Well, to undo what I just did, I can hold down Ctrl+D to deselect that selection. The other thing I'm going to might think about is the Quick Selection tool. What's nice about the Quick Selection tool is it has quite a bit of settings. This is used to be the Magic Wand. Well, the Quick Selection is really helpful. You can see that there's different types here. You can see that the settings and basically, what's going on here is I can select, and then select more or less. Well, let's go ahead and start to go into this. I'm going to start selecting around this area here, and as I'm holding down, I'm starting to get a really nice selection. Oops! It grabbed some of the yellow.
Oh, no fear, I'm going to hold down the Alt key on a PC and I'm going to start painting out this yellow here. Go ahead and do that until you have a nice selection and this should work really, really lovely for you. If you want to get really, really close, I'm going to hold down the Ctrl and the Spacebar and zoom in. You can start to really finesse this just the way that you want it, down to the very detail here. So, if I go right around here, you can see what I'm doing.
I am going to hold down Ctrl+Minus, I'm going to zoom out. Now the next thing I do is I actually go into the Feather menu. So you can see here that I have a little bit that I don't want, and a little bit that I don't want here. So I'm going to just fine-tune this a little bit, and I can go up to Select>Modify>Feather. I always feather it based on the resolution from 1 to 5 pixels, based on it. I can go ahead and select that. That gives me a nice, soft edge.
The next I'm going to do is hold down Ctrl+L. What is that? That's the Levels. I'm going to go ahead and drag this one, this is my first indicator. This tells me where I am at. I'm going to start moving this piece up a little bit more. Now, the nice thing about isolating this is I am using the Adjustments in an isolated way. So, I know that nothing is going to touch those specific shoes. That's a pretty good start. The next thing I usually do is I select a color. I'm going to select I, which gives me the Eyedropper, and I'm going to select something that's already on the image.
It gives me a color, not just pure white.

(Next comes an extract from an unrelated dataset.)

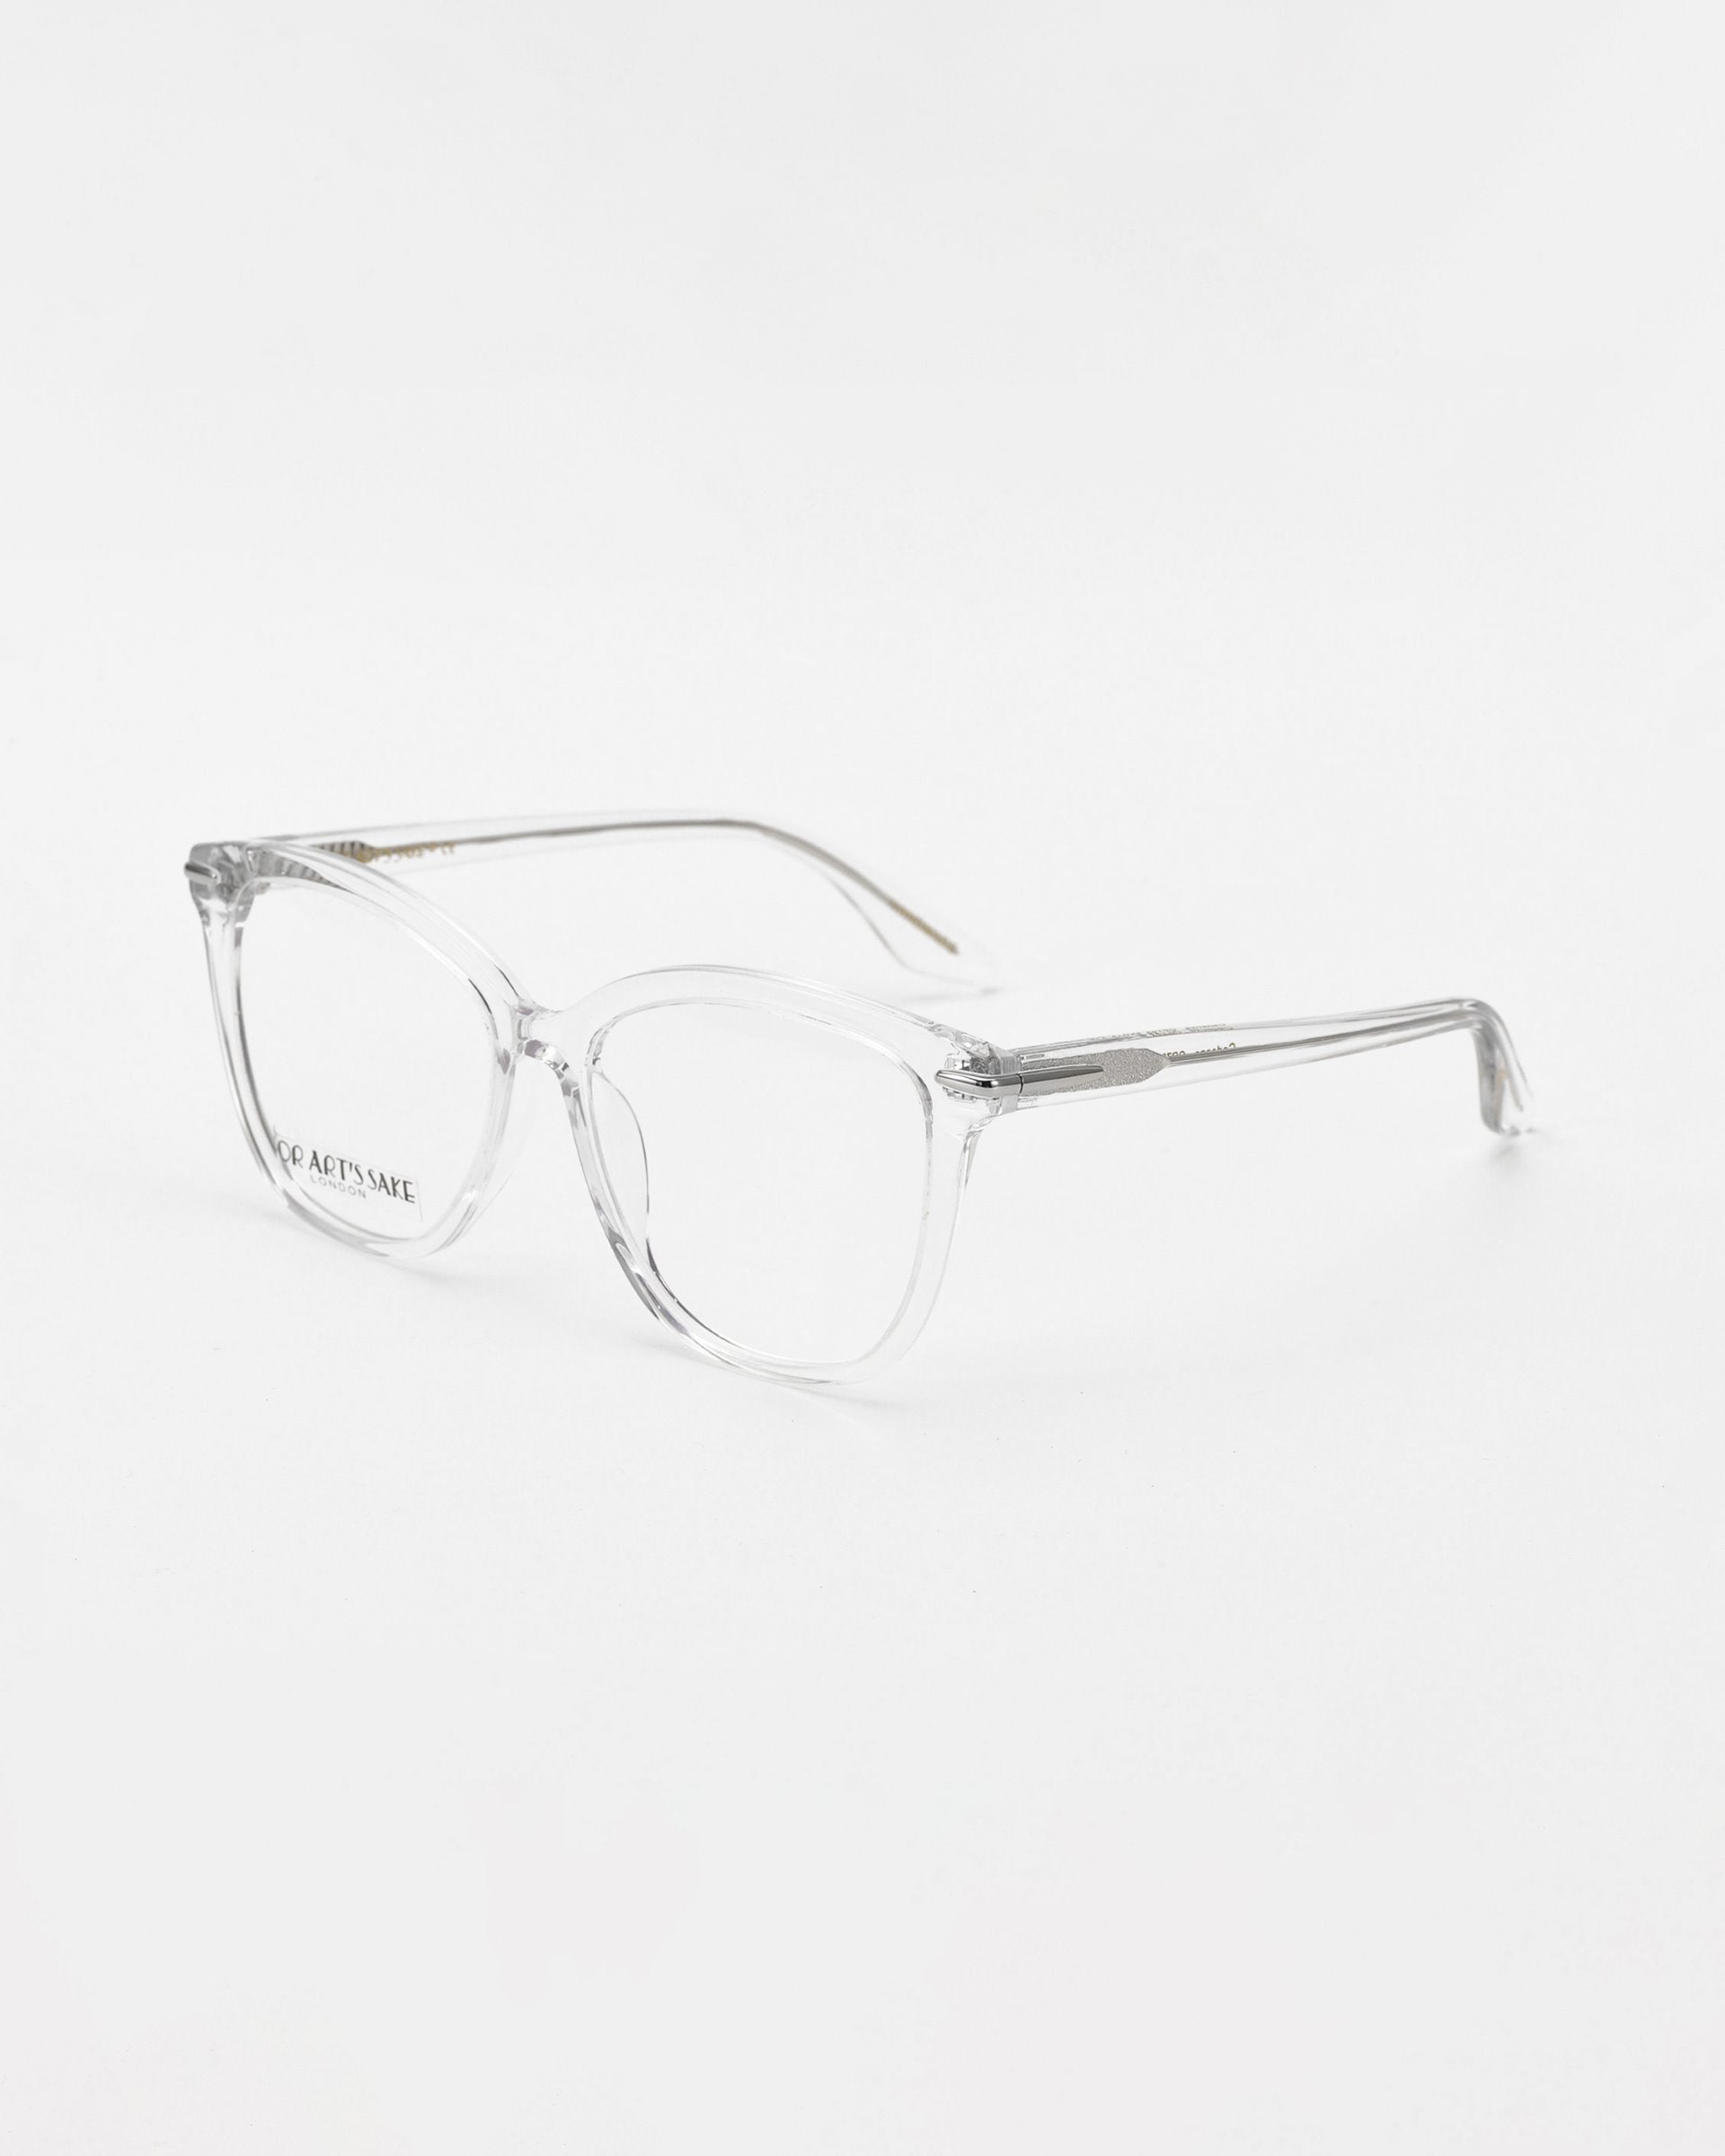 Clear, rectangular For Art&#39;s Sake® Cadenza optical glasses with transparent frames on a white background. The glasses have a simple and minimalist design, with sleek, thin, and unobtrusive arms.

It gives me something to work with. Then I can go onto my Brush and I can start to paint in something that I know is already there. What I'm doing, essentially, is ironing out these wrinkles, and I am not touching the shadows so much because I like what's going on there. This just gives me a way to iron out the wrinkles on the outsides of what I don't necessarily like. Now, I'm going to hit Ctrl+H, and that hides the marching ants. I like to do that, just to see where I am at.
I'm going to go back in and adjust a few of these things because I think these shadows are nice and it just gives it a nice little bit of presence here as I'm resting it on here. I go through there, I am about done. I like what I see. Now in a few short minutes, you can see that I've quickly touched this up and I haven't adjusted the color or the exposure that's on the shoes themselves. So I haven't color shifted them, and I've kept their color accuracy great. You are now ready to save this out. So that's just a quick tip on very quick color adjustment tools that I've used.